> Work order
Reproduce exactly the line with "papeterie faire-part invitation" and every line that follows it below, up to and including the last one. Do not include pictures or anything else.

> Input data
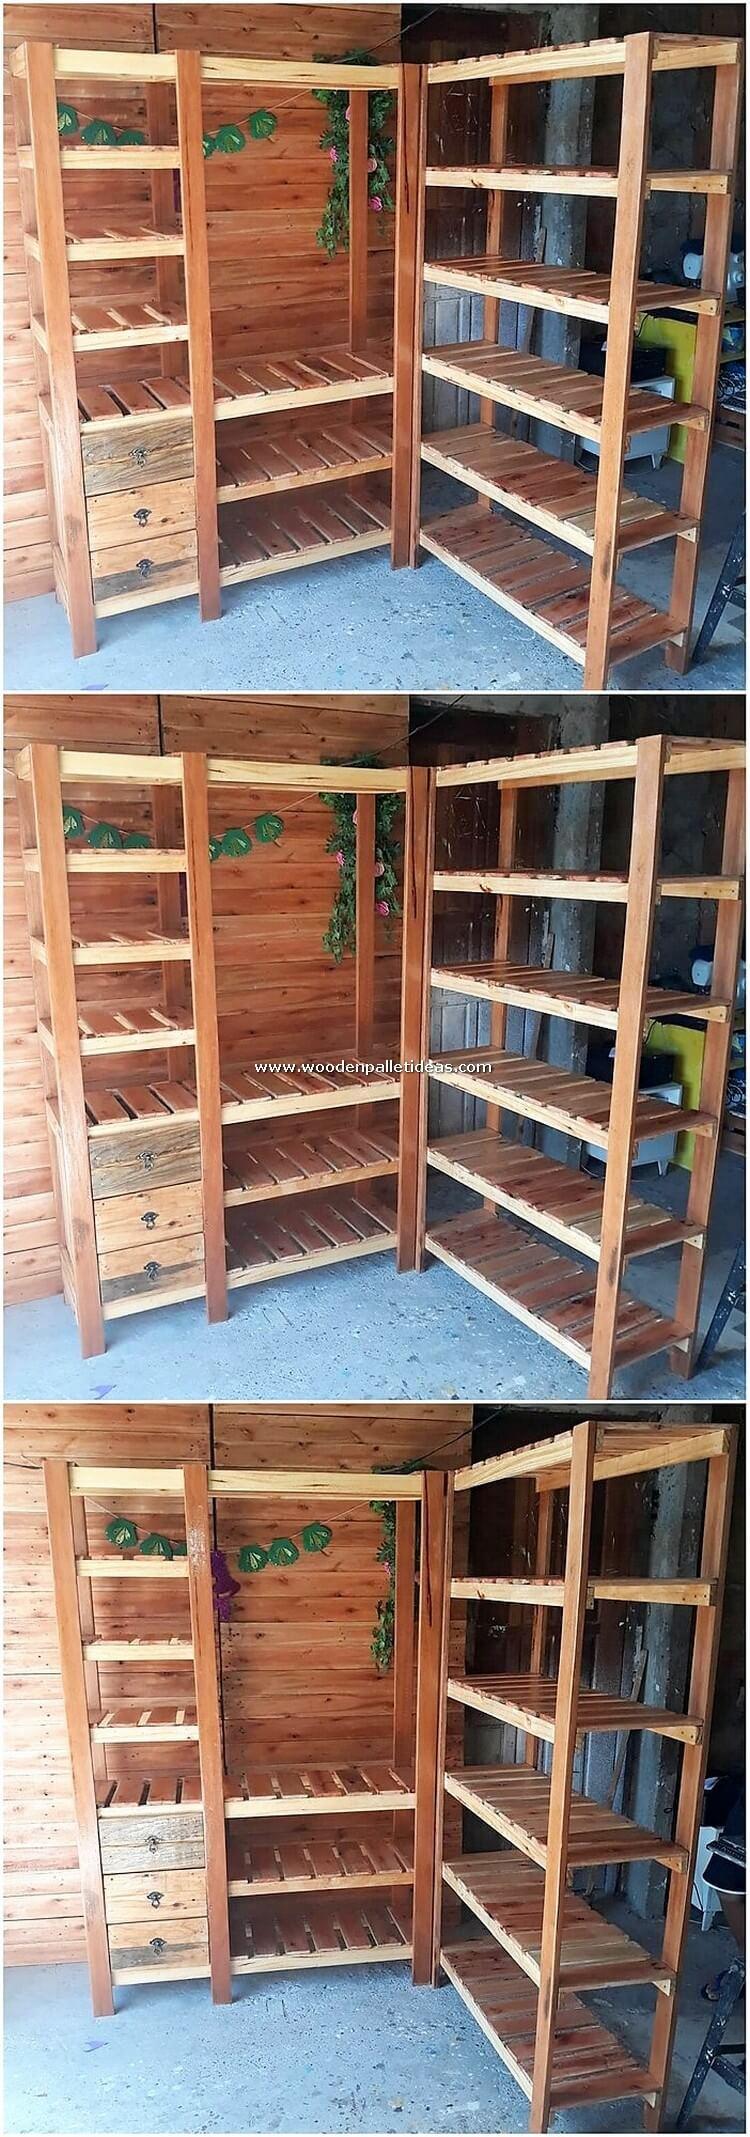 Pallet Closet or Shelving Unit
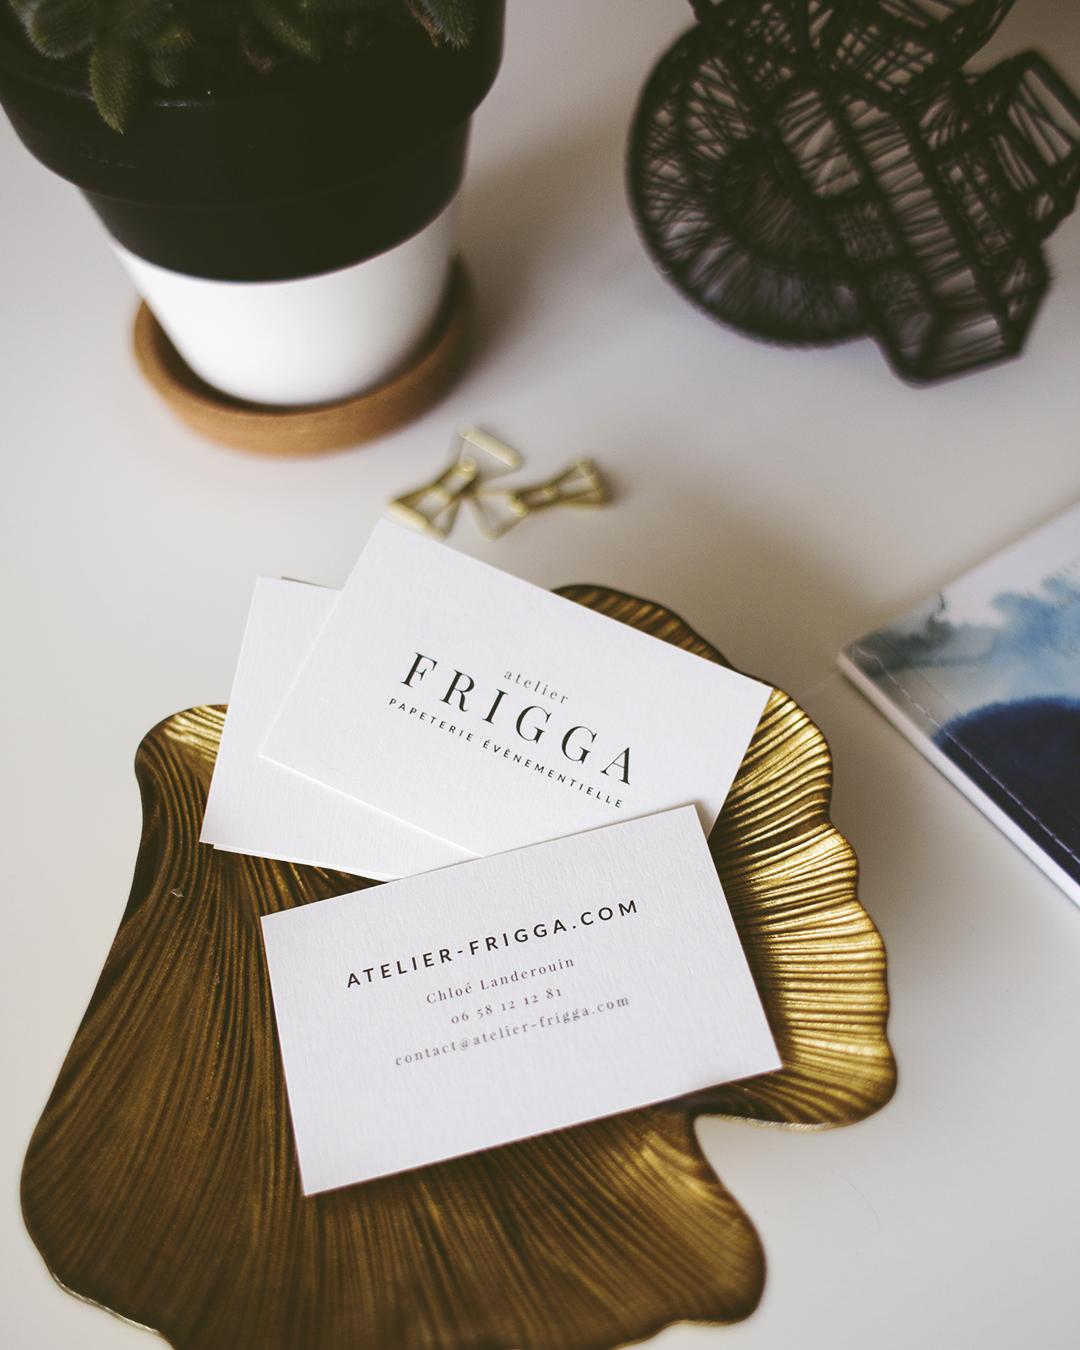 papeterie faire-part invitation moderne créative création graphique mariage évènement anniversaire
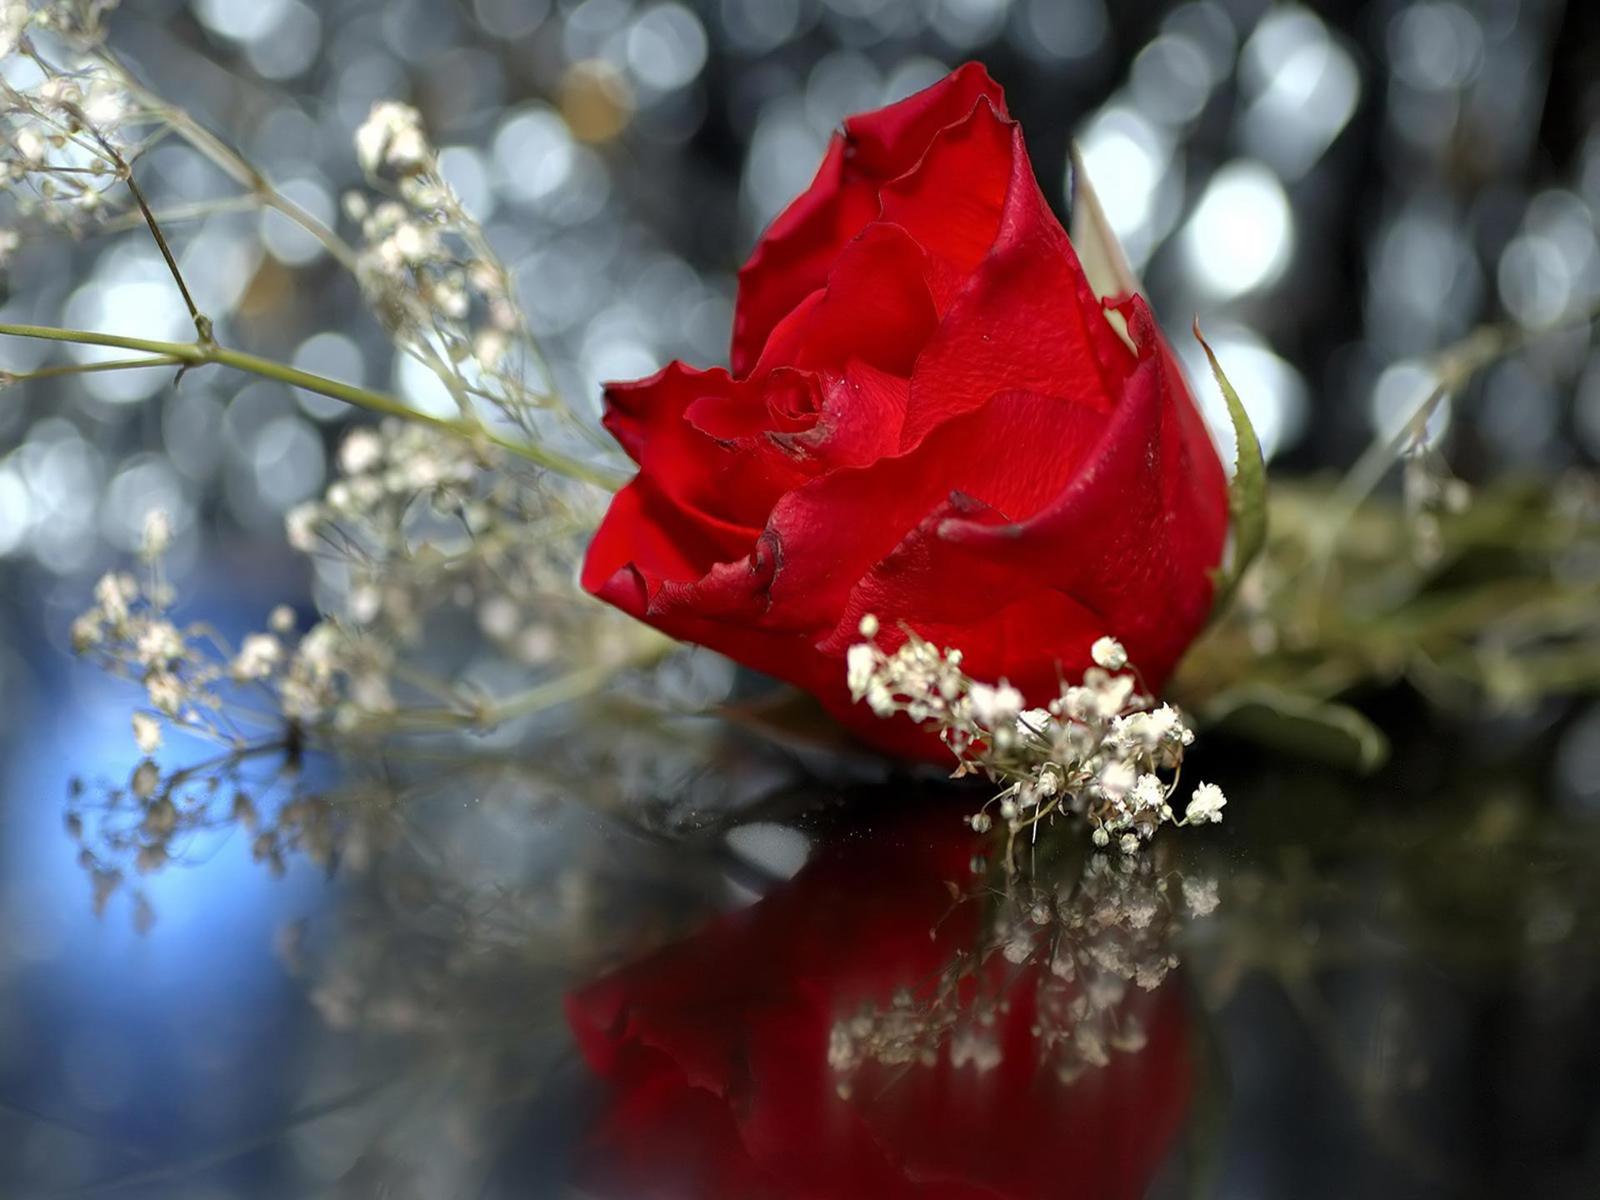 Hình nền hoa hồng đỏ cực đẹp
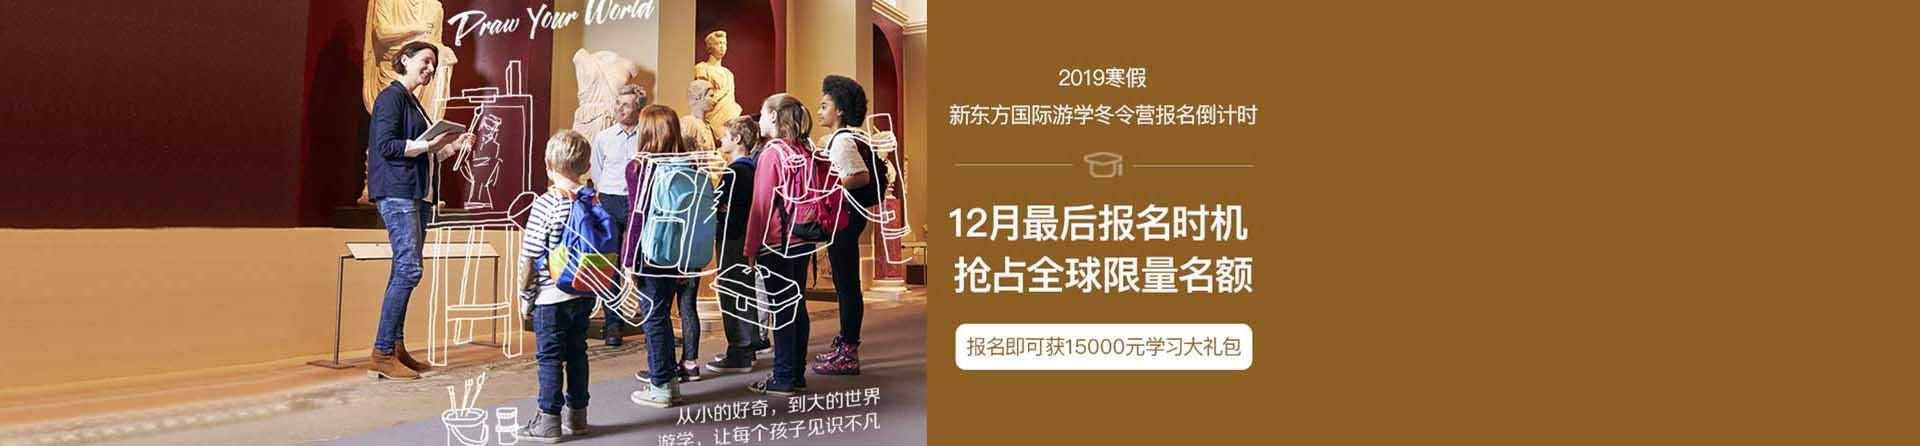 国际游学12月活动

> Your response
 papeterie faire-part invitation moderne créative création graphique mariage évènement anniversaire
 Hình nền hoa hồng đỏ cực đẹp
 国际游学12月活动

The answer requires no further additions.